The Week: Is fund management failing on diversity?

Two surveys have shown that fund managers may only be talking the talk on diversity, but as fund selectors get serious on the issue, they may have to act fast.


  • Surveys by Willis Towers Watson and Redington have shown fund management group’s are making slow progress on diversity
  • WTW has threatened to remove companies that fail to meet diversity targets from its influential preferred list
  • Analysing diversity would seem an ‘easy win’ for fund management groups

Two surveys this week called into question the asset management industry’s commitment to diversity. Willis Towers Watson (WTW) research showed that the sector was making ‘disappointingly slow’ progress on changing its recruitment mix, while pensions consultancy Redington showed just 47% of fund managers evaluated gender diversity when researching potential investments.

While fund managers can reasonably argue that evaluating environmental or social impact is in its infancy, it can hardly make the same claim for governance. Data on board diversity has been widely available for some time - Egon Zehnder’s Global Board Diversity Tracker, for example, has been running for 14 years.  

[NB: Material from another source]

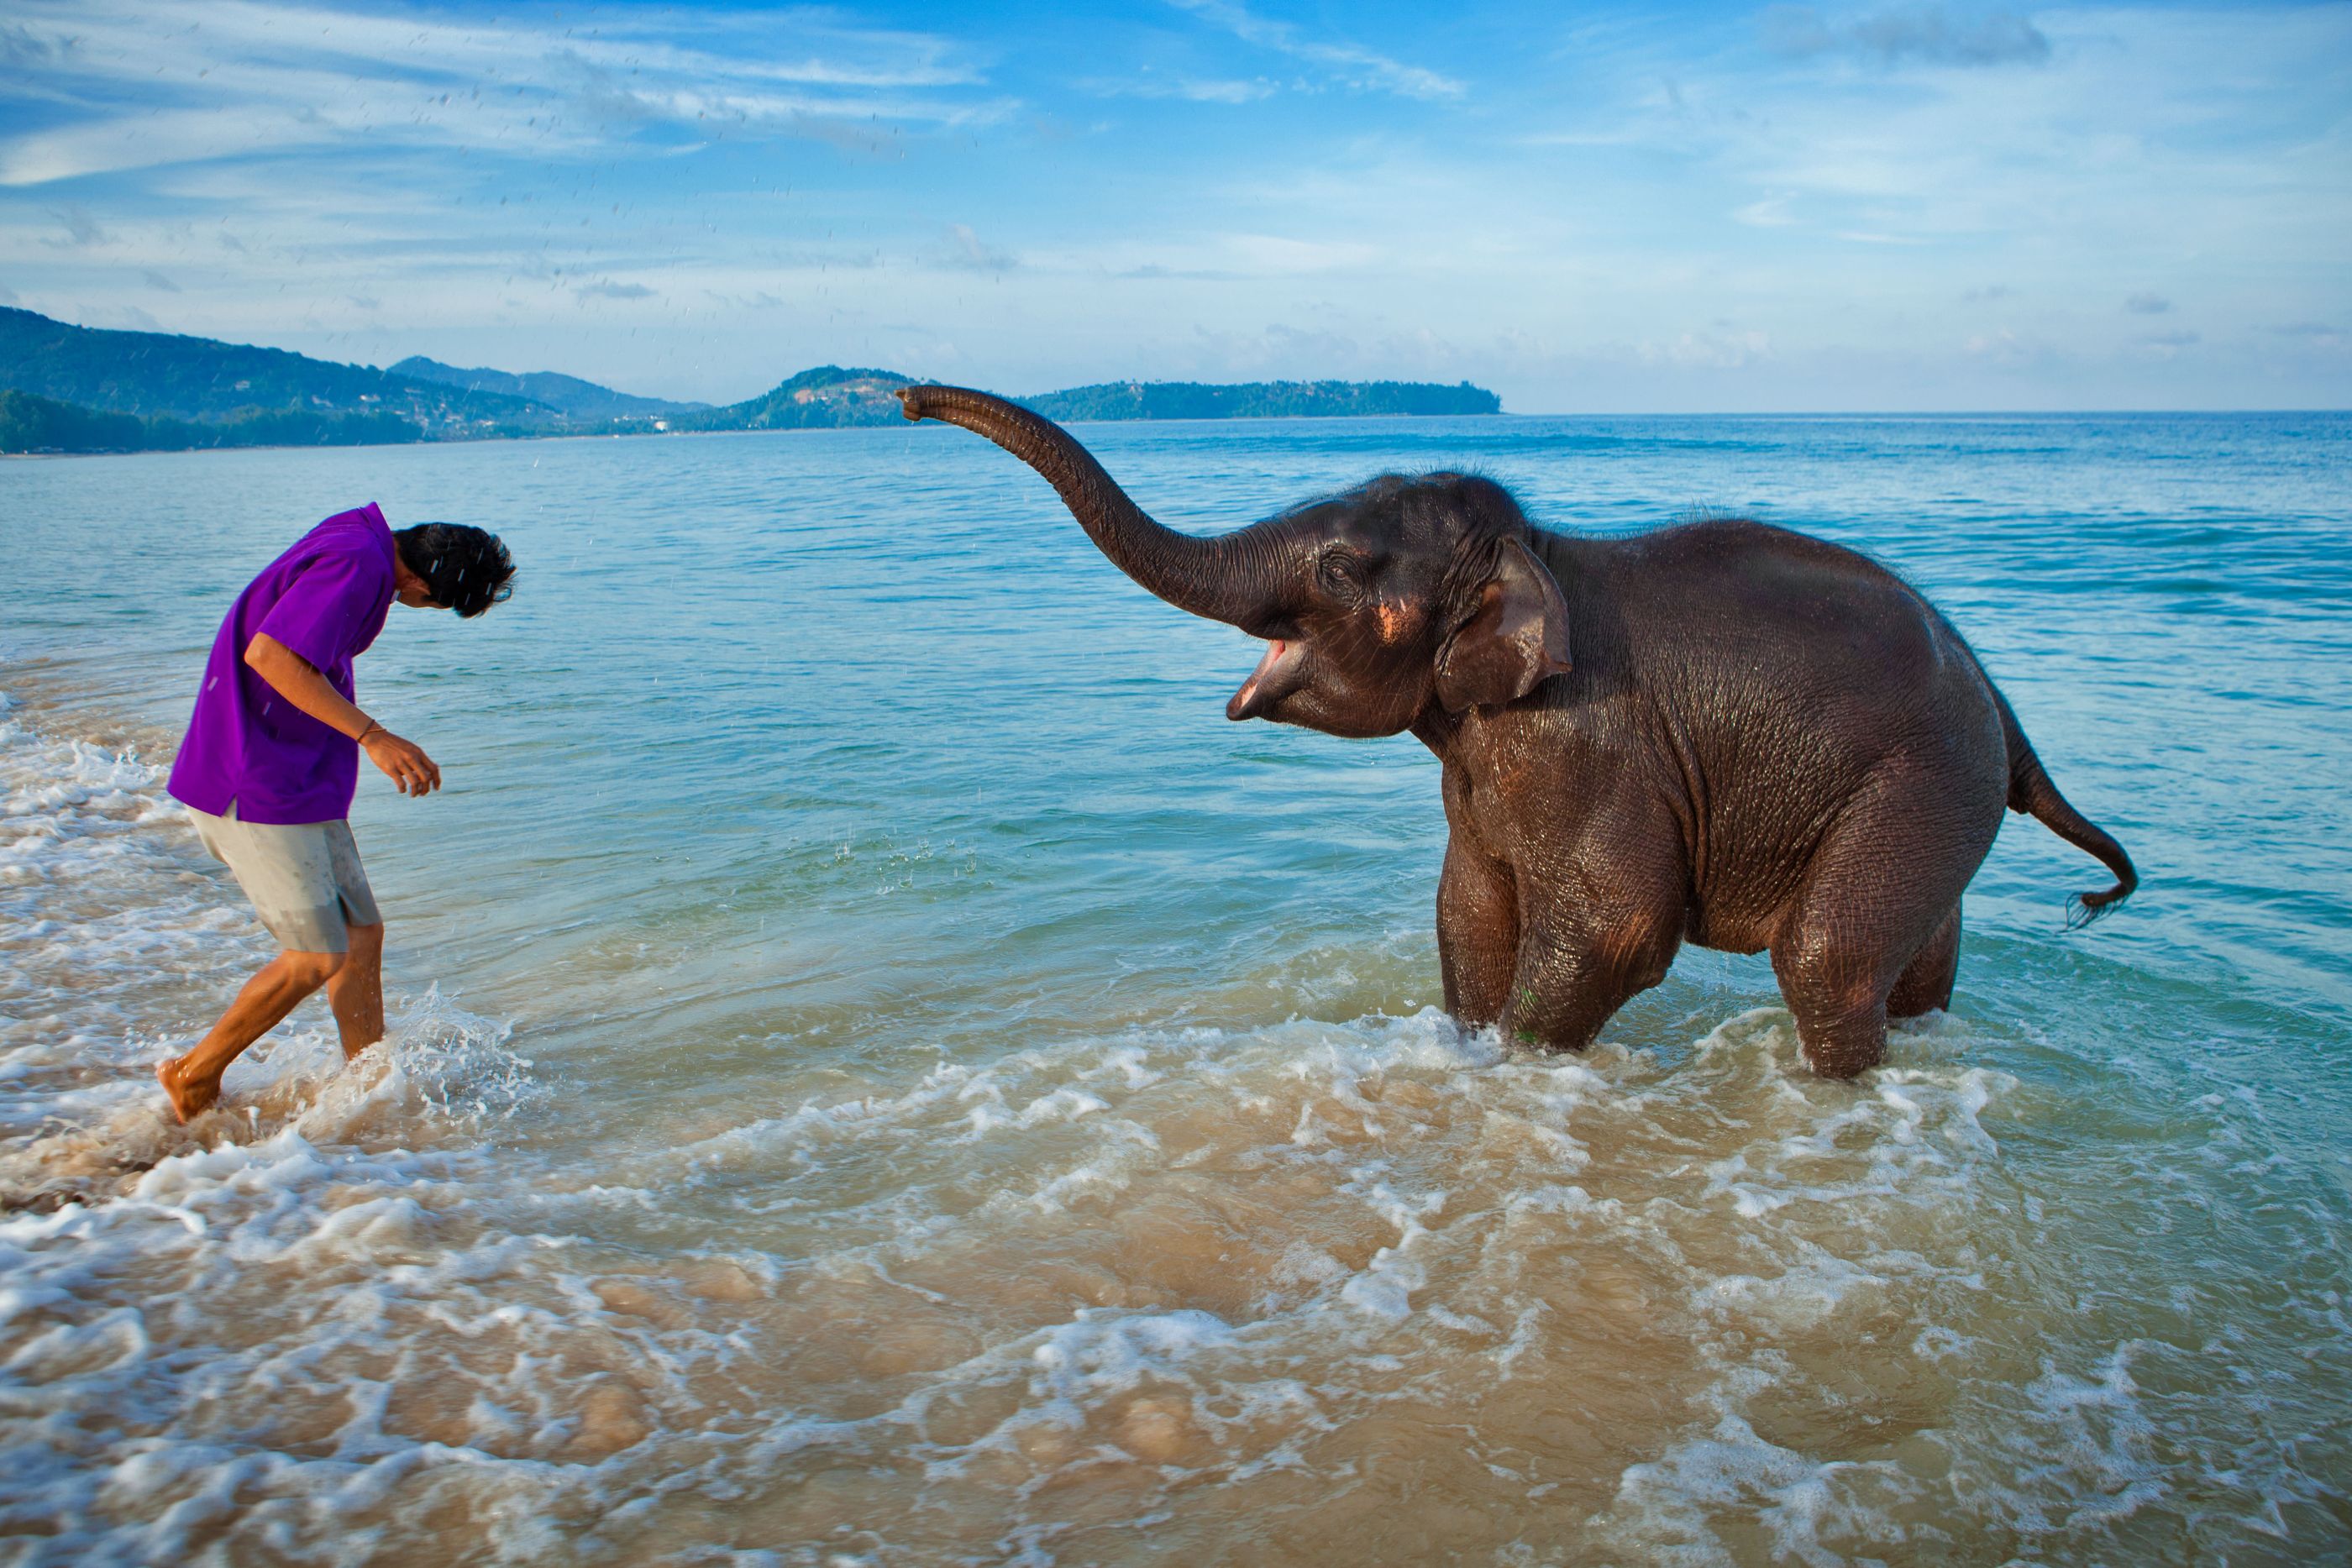 happy elephant in the water at angsana phuket, thailand

Equally, it has long been clear that board diversity promotes better corporate outcomes. It seems odd, therefore, that fund managers should not be factoring it into their analysis of companies at a time when every basis point of performance is important. Also, if they know it improves the outcome for the companies in which they invest, why do they choose not to do it in their own companies?

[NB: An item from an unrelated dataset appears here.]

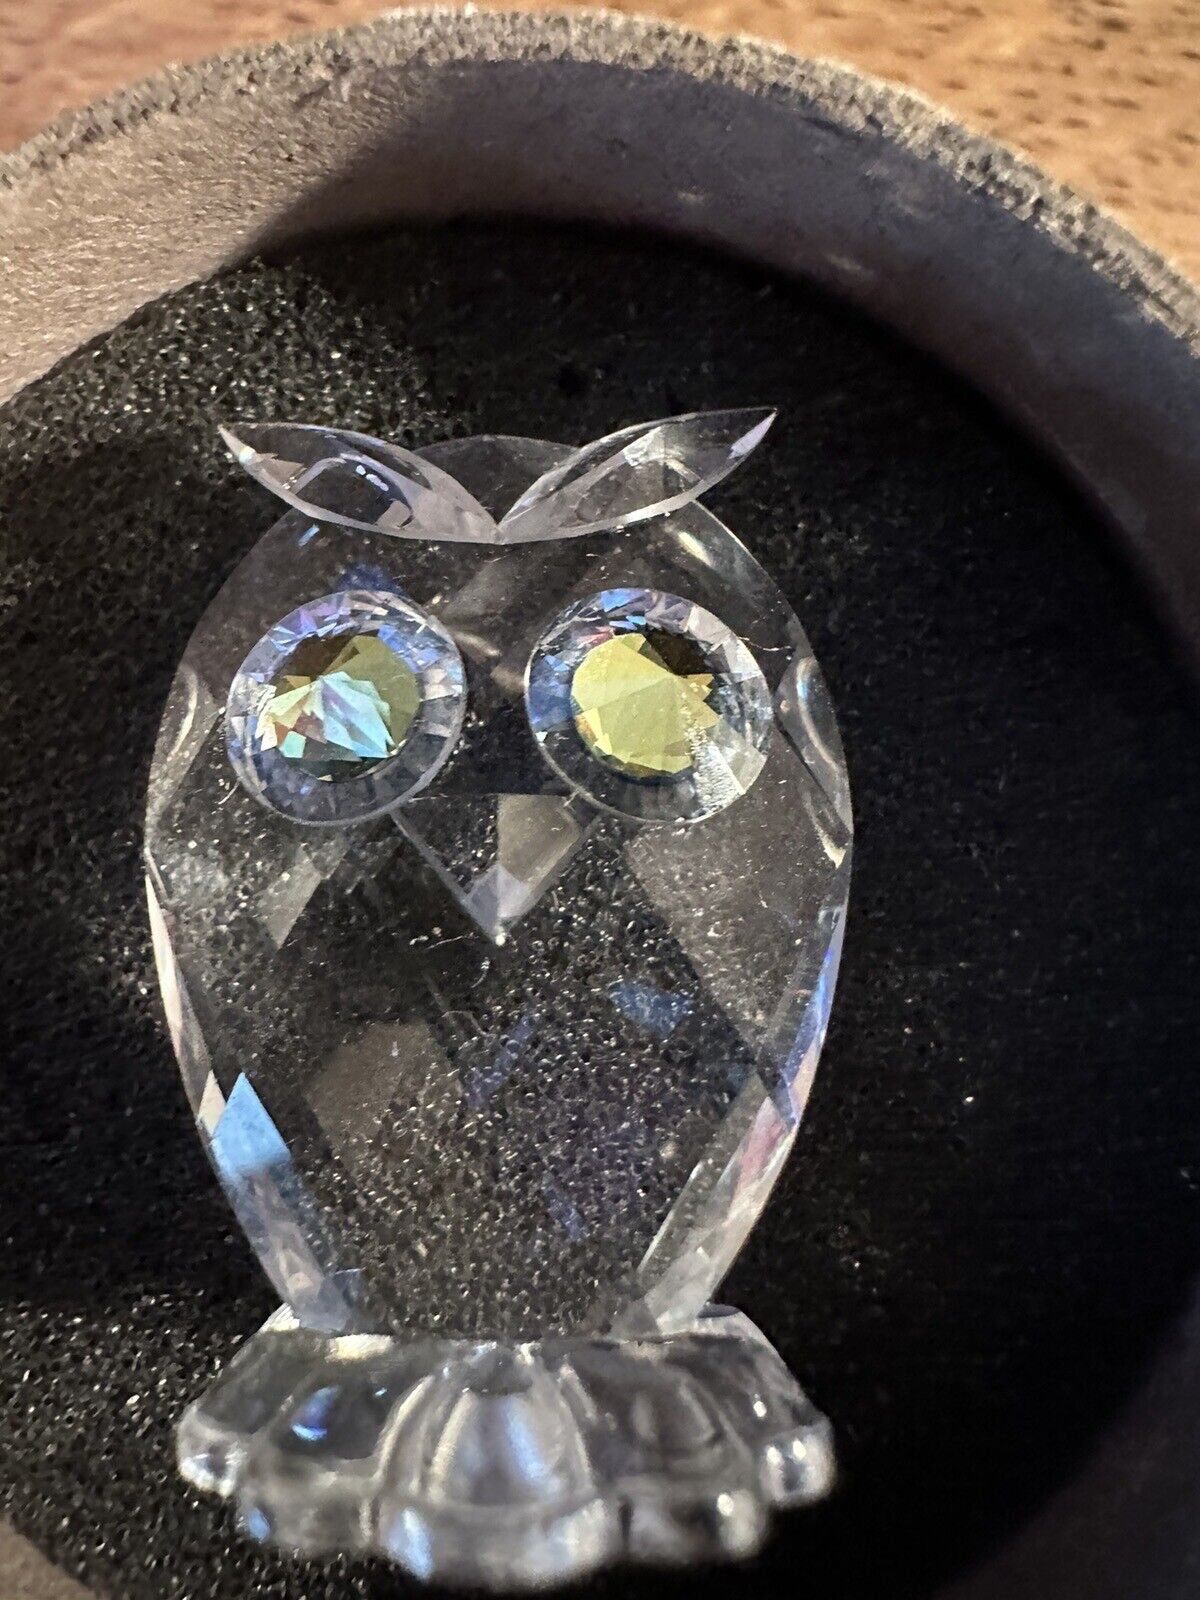 Swarovski Crystal Owl Figurine With Yellow Eyes 7654 w Certificate

To be fair, change takes time and needs to start at the bottom. Many fund management groups have made considerable progress in recent years, even if it has not been industry-wide.

They may be about to receive a pretty significant incentive to act. As part of its research WTW threatened that those who failed to improve diversity within the next 12 months risked being removed from the company’s influential preferred list. The group advisers on $2.6 trillion in assets, so this promises to be a good incentive.

WTW isn’t doing this because it makes them look good, but because they have found a relationship between diversity of teams and investment performance. This makes intuitive sense. If a team has the same qualifications and perspective as the next team, it is harder to glean differentiated insights from, say, a company’s report and accounts or a meeting with its management team.

This would seem to be an easy win for fund management groups. Senior management diversity is not difficult to analyse and, whether cause or effect, appears to go hand in hand with good corporate performance. Those fund managers that are already incorporating it into both their own businesses and their investment decision-making look to have a major head-start.